59 Responses to “Strength training”

  1. Tammy on April 28th, 2008 12:07 pm

    This was beautifully written Sundry.
    I can tell you, as a mom of a 16 year old and a 13 year old , that the feelings you describe don’t go away, they just change. Someone once described motherhood as watching your heart walking around outside of you. I always thought that was an accurate description.
    Tammy

  2. Marolyn on April 28th, 2008 12:18 pm

    That was beautiful

  3. Suki on April 28th, 2008 12:21 pm

    This is the closest anyone’s come to describing motherhood to me in a way I can understand. Amazing!

  4. Jeanette on April 28th, 2008 12:21 pm

    Well said, my friend.

  5. Swistle on April 28th, 2008 12:28 pm

    YIKES, that is throat-closingly awesome. It’s hard to choose a “favorite part” from something like this, but the part that briefly stopped me from breathing was “This is the most beautiful thing I have ever seen. This is so hard to carry.”

  6. Carrie on April 28th, 2008 12:31 pm

    That was beautiful.

  7. Felicia on April 28th, 2008 12:34 pm

    Oh, motherhood. The longest days and the shortest years.

  8. Kate on April 28th, 2008 12:36 pm

    That was really lovely. And oh so true.

  9. Sarah Lena on April 28th, 2008 12:37 pm

    Thank you for penning that. It’s what I could never find the words to say when my husband asks me, “You slept a lot last night; why are you so tired?”

  10. Amy M. on April 28th, 2008 12:37 pm

    *sigh* great description! Beautiful!

    BTW, jealous over the gorgeous weather in your last post as it’s freakin’ SNOWING here in WI!

  11. js on April 28th, 2008 12:39 pm

    That was awesome. I enjoy reading your blog because you are honest. Motherhood isn’t always great. I think right after Dylan was born you said something like “this baby isn’t always easy to love” (or something…). And I loved it. You seem to voice what others are afraid of. It seems like we always want to tell people the happy stuff.
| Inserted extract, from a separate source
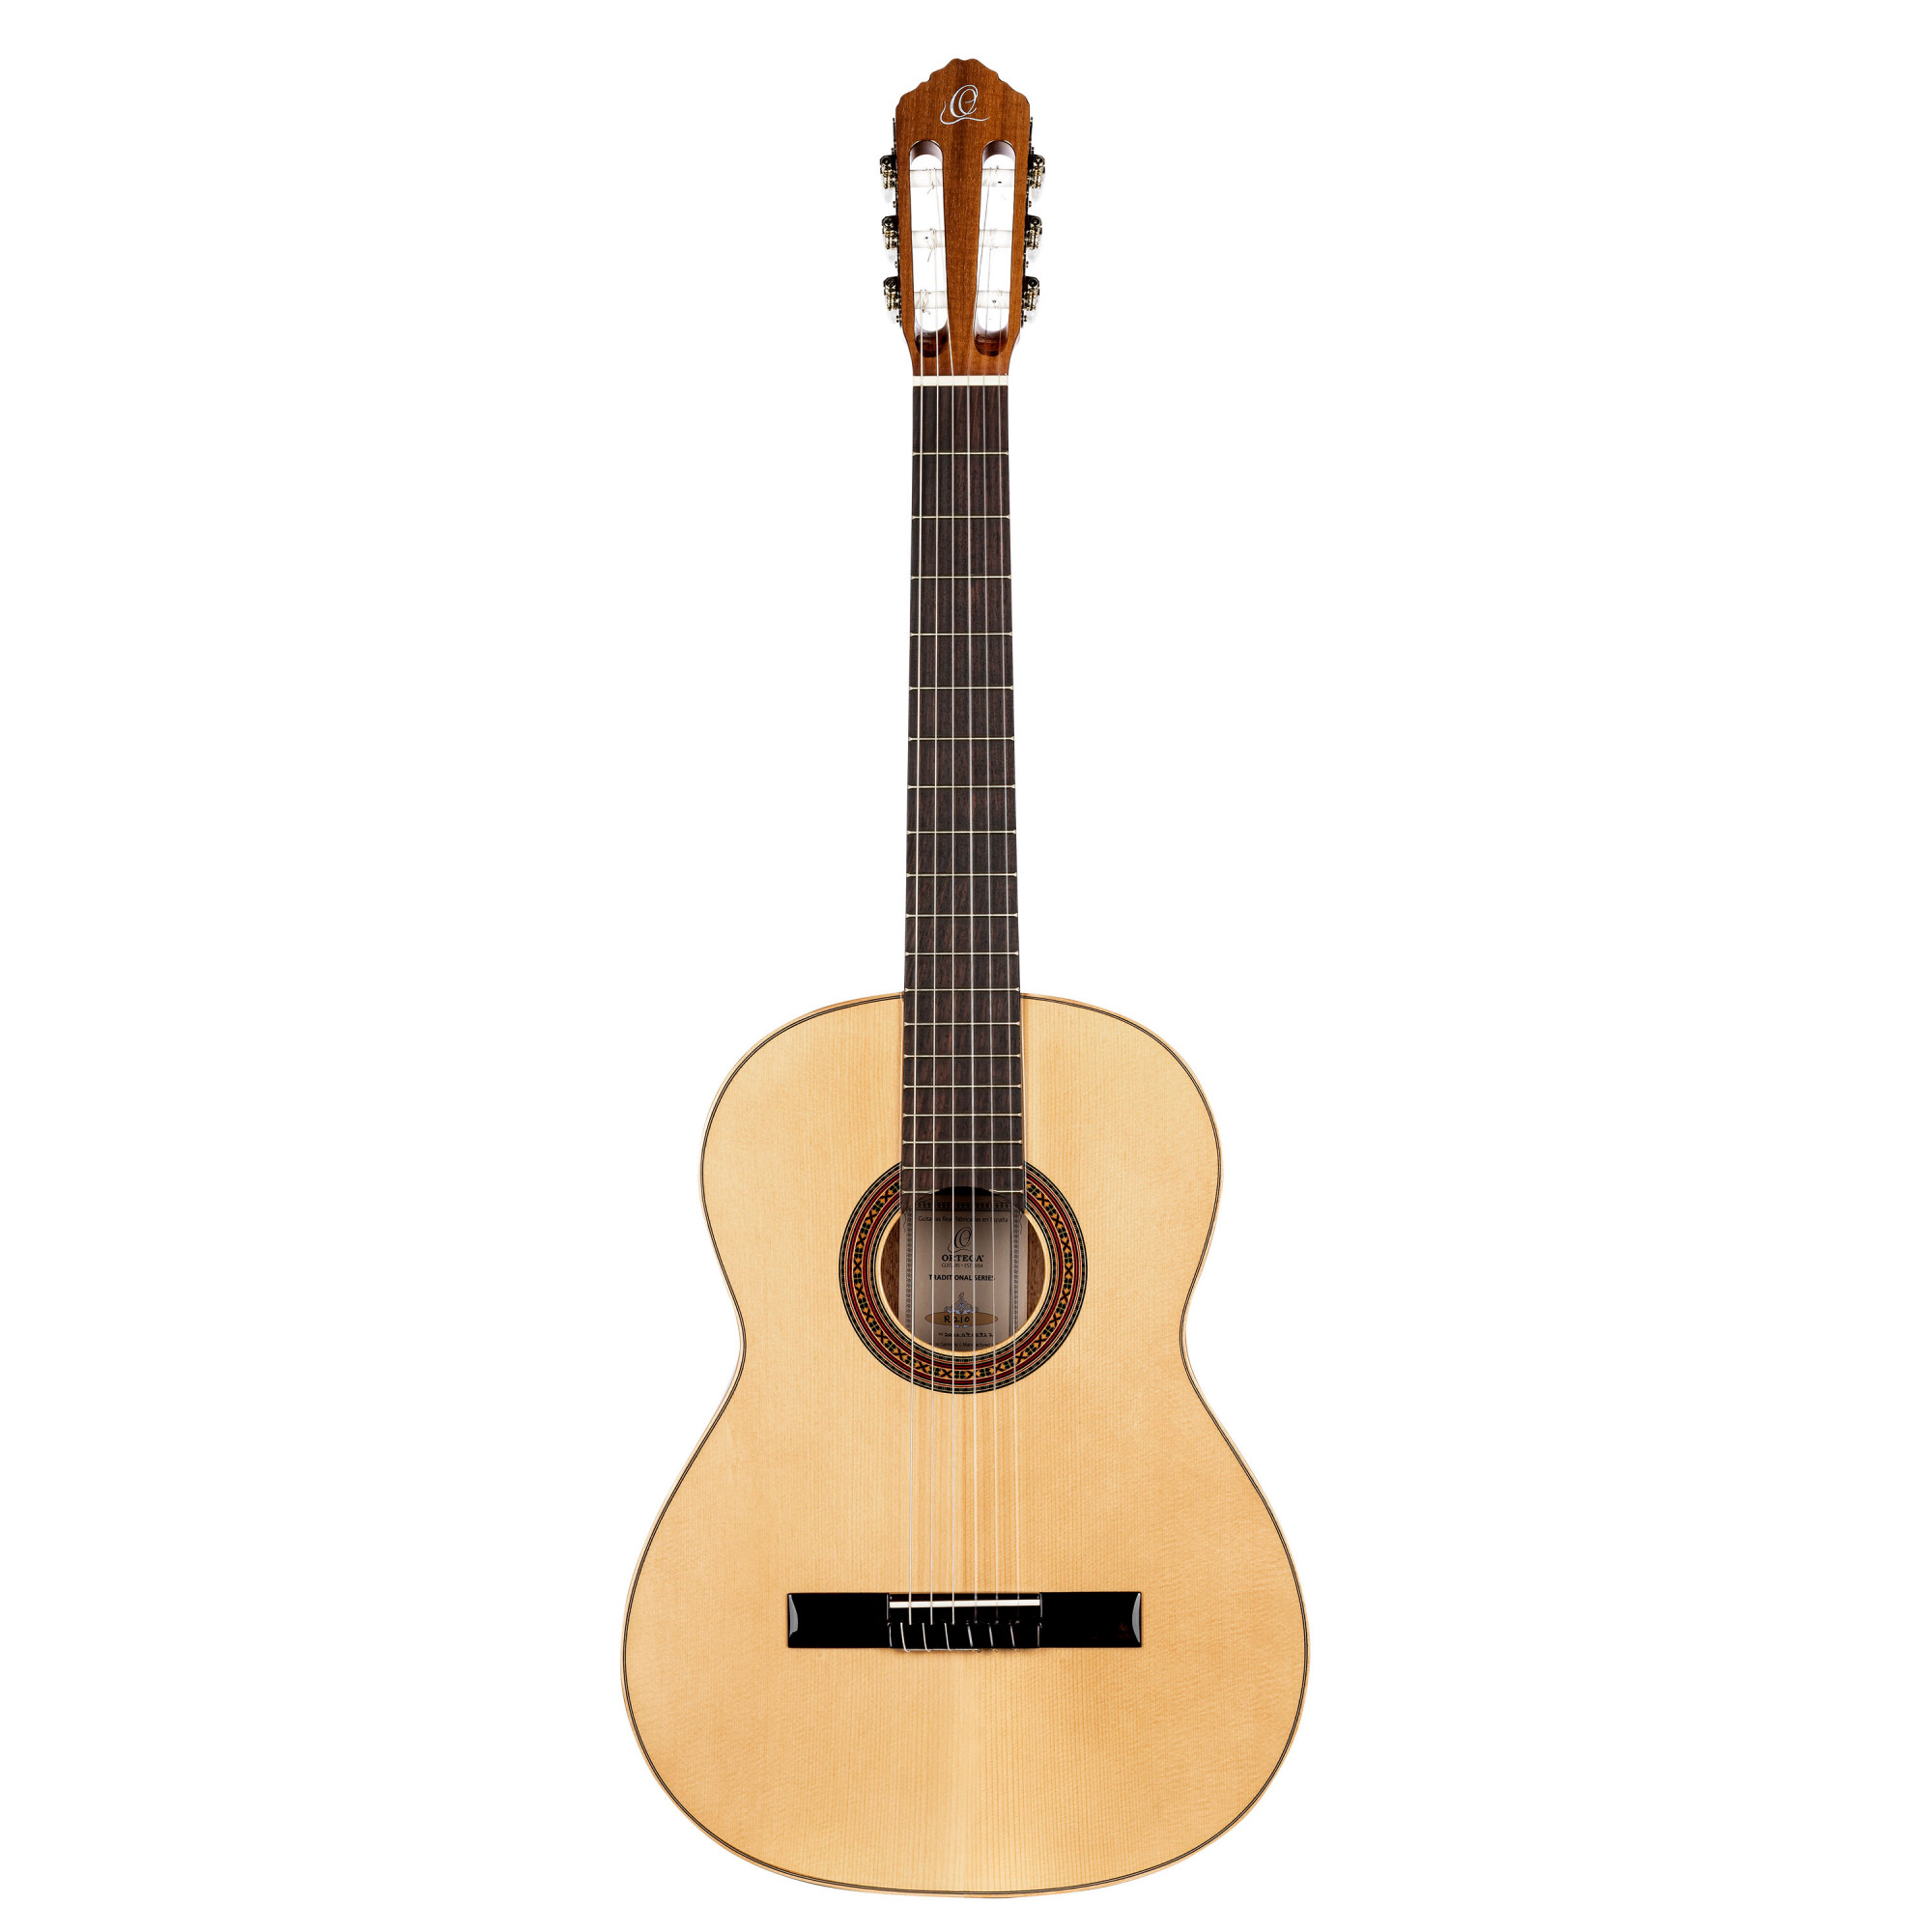 Ortega Guitars Capodastre Folk Chrome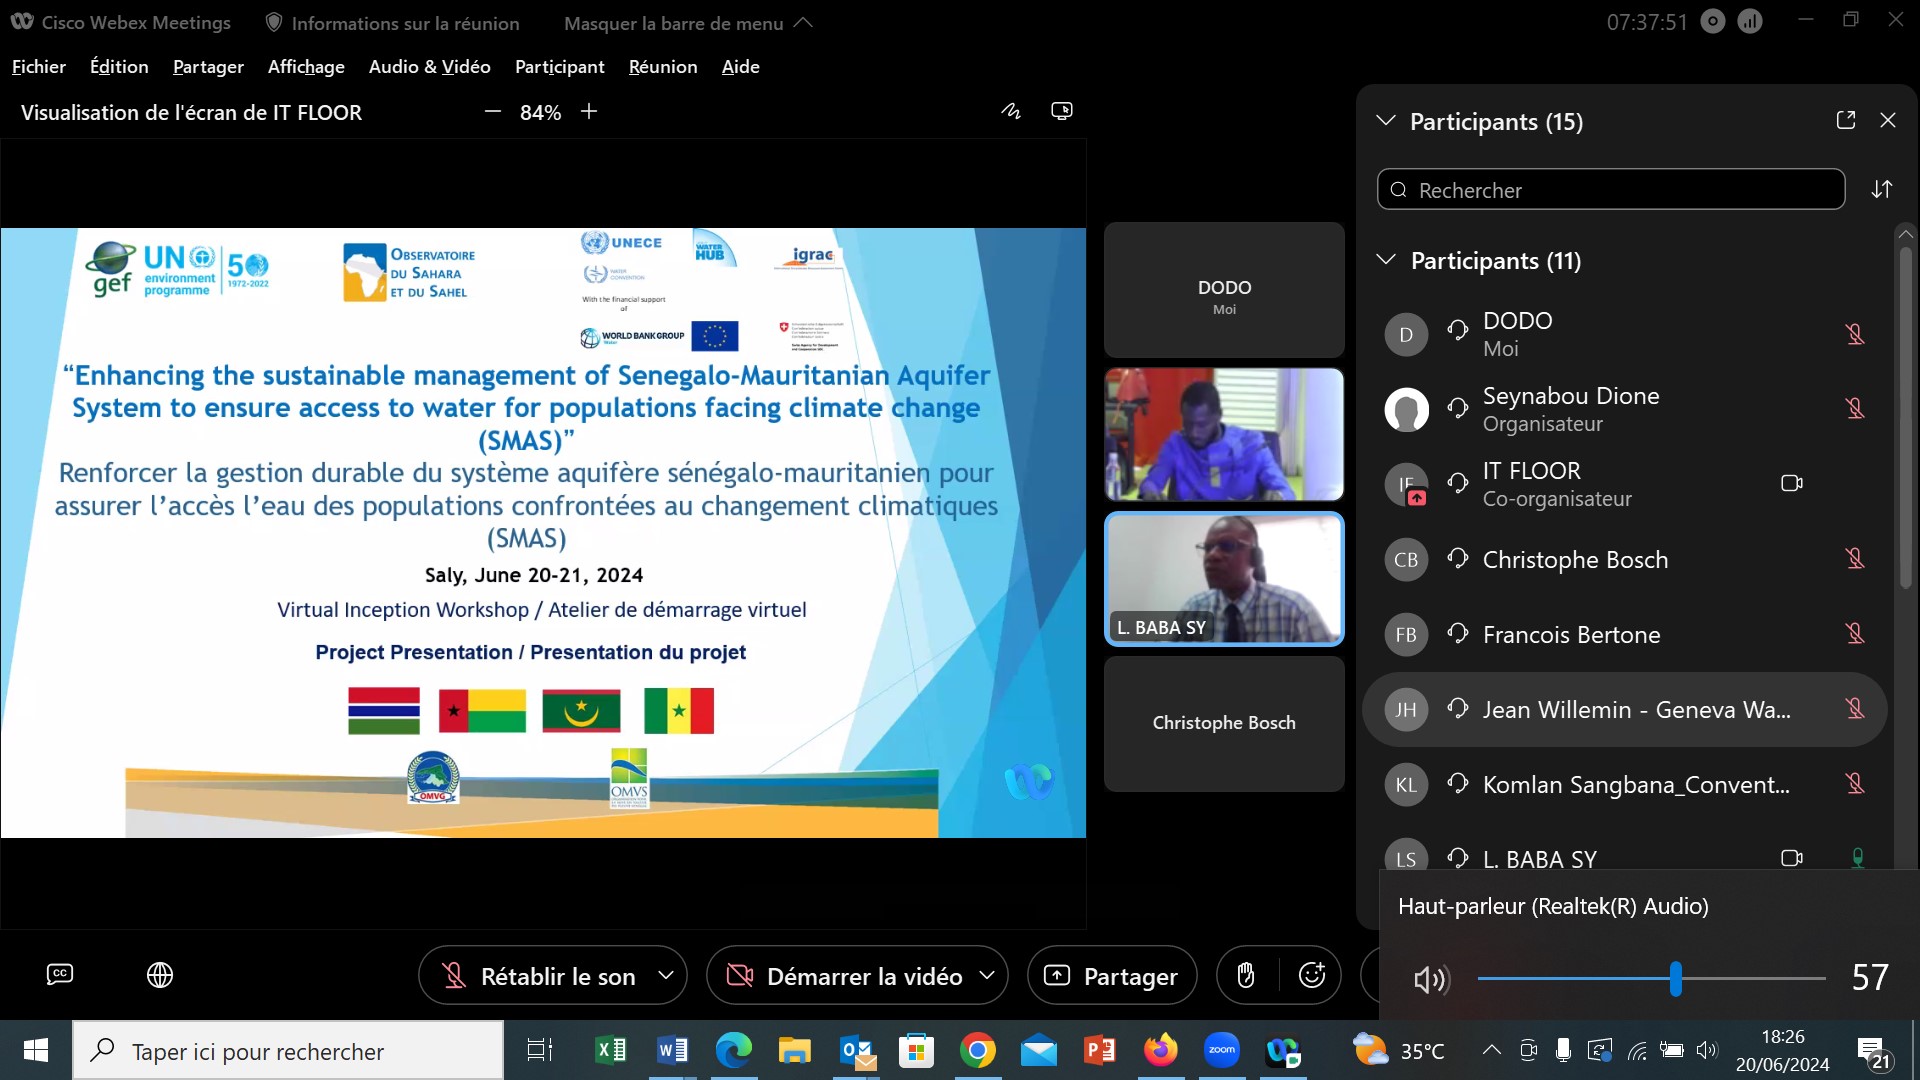  Gestion concertée du Bassin aquifère sénégalo-mauritanien : Bilan de la phase de démarrage du projet SMAS et réunion du Groupe de Travail Régional

The other day my neighbor and I were talking about our girls (mine is 7, her’s 5) and how stubborn they are (read: Pain in the ass!). She said to me “Sometimes I want to hurt her.” Instead of recoiling in horror, I wanted to hug her. Because I’ve had the same thought, and was too horrified to tell anyone. So, thanks for being an honest voice. :)

  12. Emily on April 28th, 2008 12:45 pm

    Your honesty inspires me.

  13. heather on April 28th, 2008 12:49 pm

    I’ve been a reader here for awhile now (we have boys the same age) but seldom comment. Mostly I just never have much of anything outstanding to say and since you have plenty of comments everyday, most of which cover pretty much exactly what I would have said, I just read, laugh, smile and nod silently along your blogging adventures. :)

    I do want to say something today though. I just wanted to thank you for putting this into words the way you did today. I’ve loved reading as you’ve adjusted to having two children… So many of the feelings I remember from two and a half years ago, when I added my second one, have been expressed so well in your journaling. It was amazing and relieving to read/go through that all again with you and I would find myself saying at almost every post; “wow! she really gets me! there’s someone else who thought all the exact same thoughts i did the second time around”
    And today you did it as well. Love, love, loved your description of being a mom. I was writing about this same sort of thing this past week on my blog, though not nearly as concise and eloquently as you. And I hope you don’t mind but I linked and quoted part of what you wrote today as an addendum to my post.
    I’m thankful for your honestly and for your ability to voice so much of what I think so many of us feel. Just thought you should know.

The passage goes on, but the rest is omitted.